NYC Diamond Blog has been informing our followers for close to a year now that Exchange Traded Funds consisting exclusively of Brilliant Cut Round Diamonds are close to becoming a reality.
That information has been confirmed by our industry contacts, and now here is the latest from an internal trade publication confirming that this innovation will in fact be more widespread than original foretasted.
Indications are that by the end of calendar year, there will be a number of traded portfolios on the investment market that are based on diamond commodities, according to the Economic Times. Among the firms intending to turn precious gems into trading commodities are Swatch’s Canadian retail chain Harry Winston.

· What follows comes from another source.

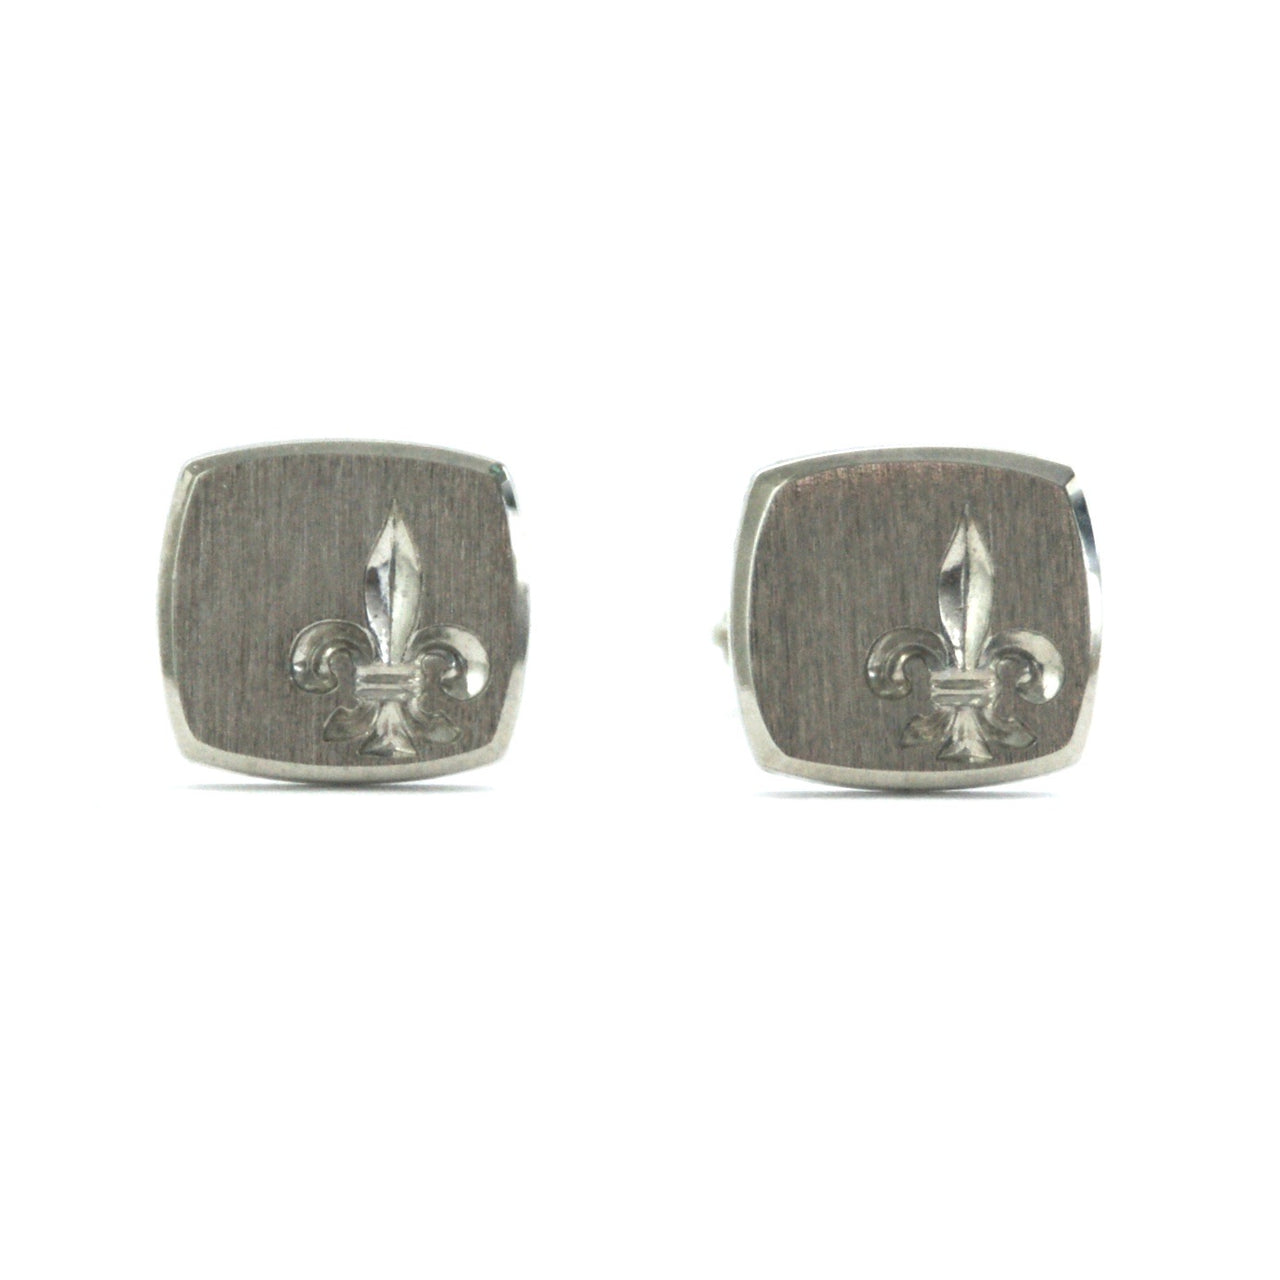 Fathers Day gift, fathers day, cufflinks,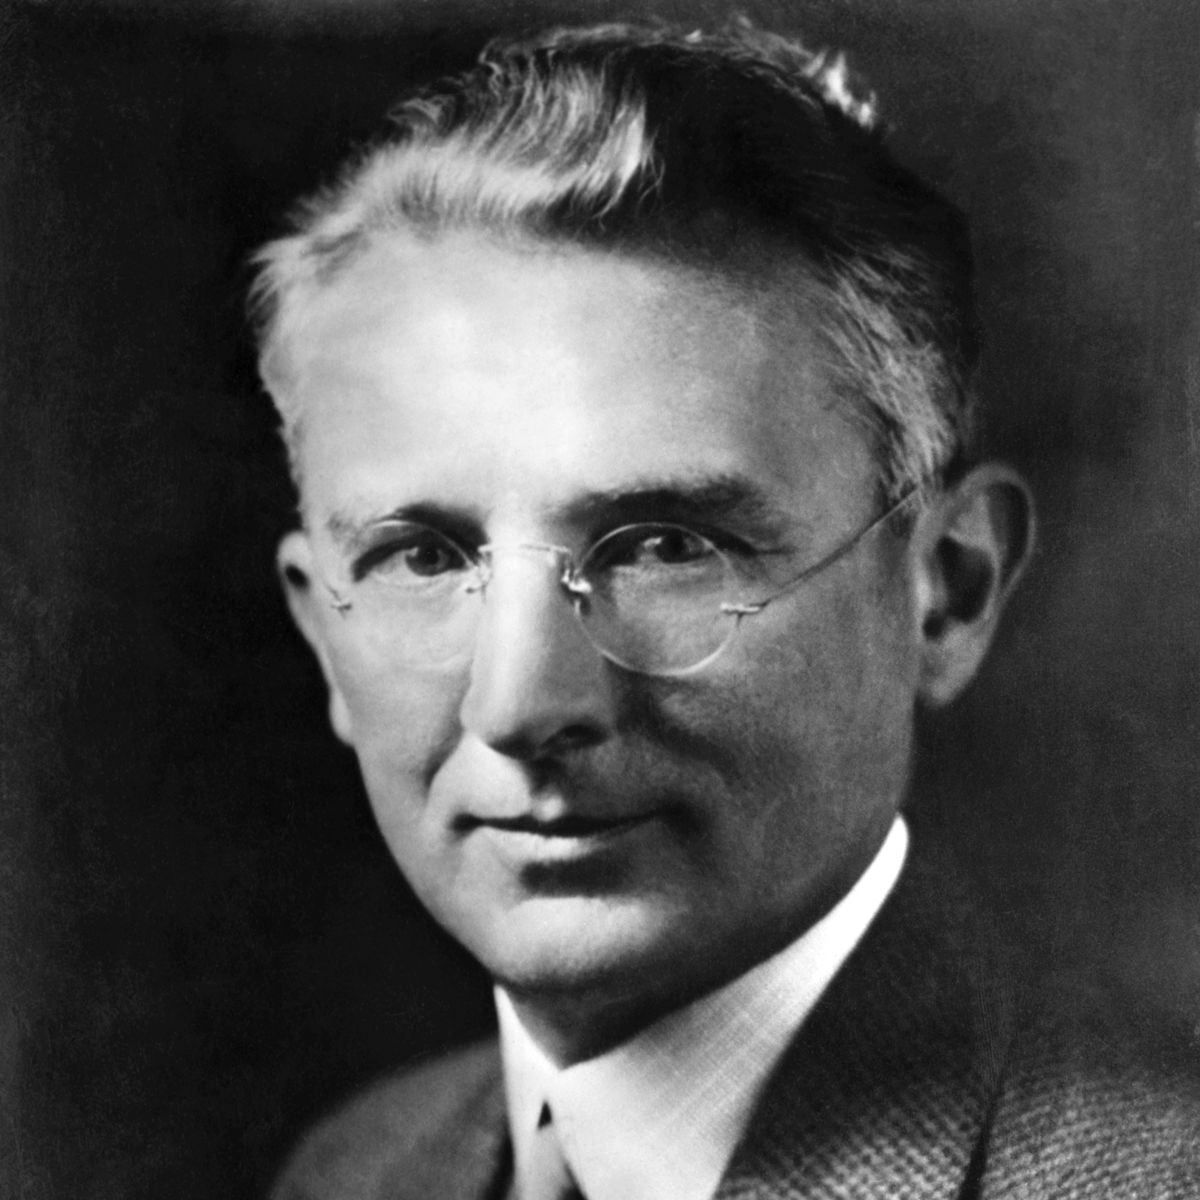 Writer and Lecturer Dale Carnegie(Original Caption) Dale Carnegie, author of "How to Win Friends and Influence People." Head and shoulders portrait.

IndexQ, a firm that has already brought over a dozen exchange-traded funds, or ETF’s, to market in recent years, is close to actualizing its plan to do the same for diamonds, first reported here two years ago. The Securities and Exchange Commission is now considering its proposal, to be based on 1-carat gems that would be stored in an Antwerp vault.
Harry Winston is collaborating with a Swiss asset manager to establish a quarter-billion dollar fund which would funnel hedge fund and pension cash into purchases of its own diamonds ranging from half a carat to six carats.
Diamond industry expert Martin Rapaport has also hinted that he intends to release investor-friendly diamond products by year’s end, but gave no details.
Diamond industry players hope to repeat the success of the gold market, where investment has driven growth to great heights. According to the Economic Times, commodification of diamonds was tried in the past but it didn’t take, in part because it made little sense when the diamond industry was dominated by a single company, De Beers.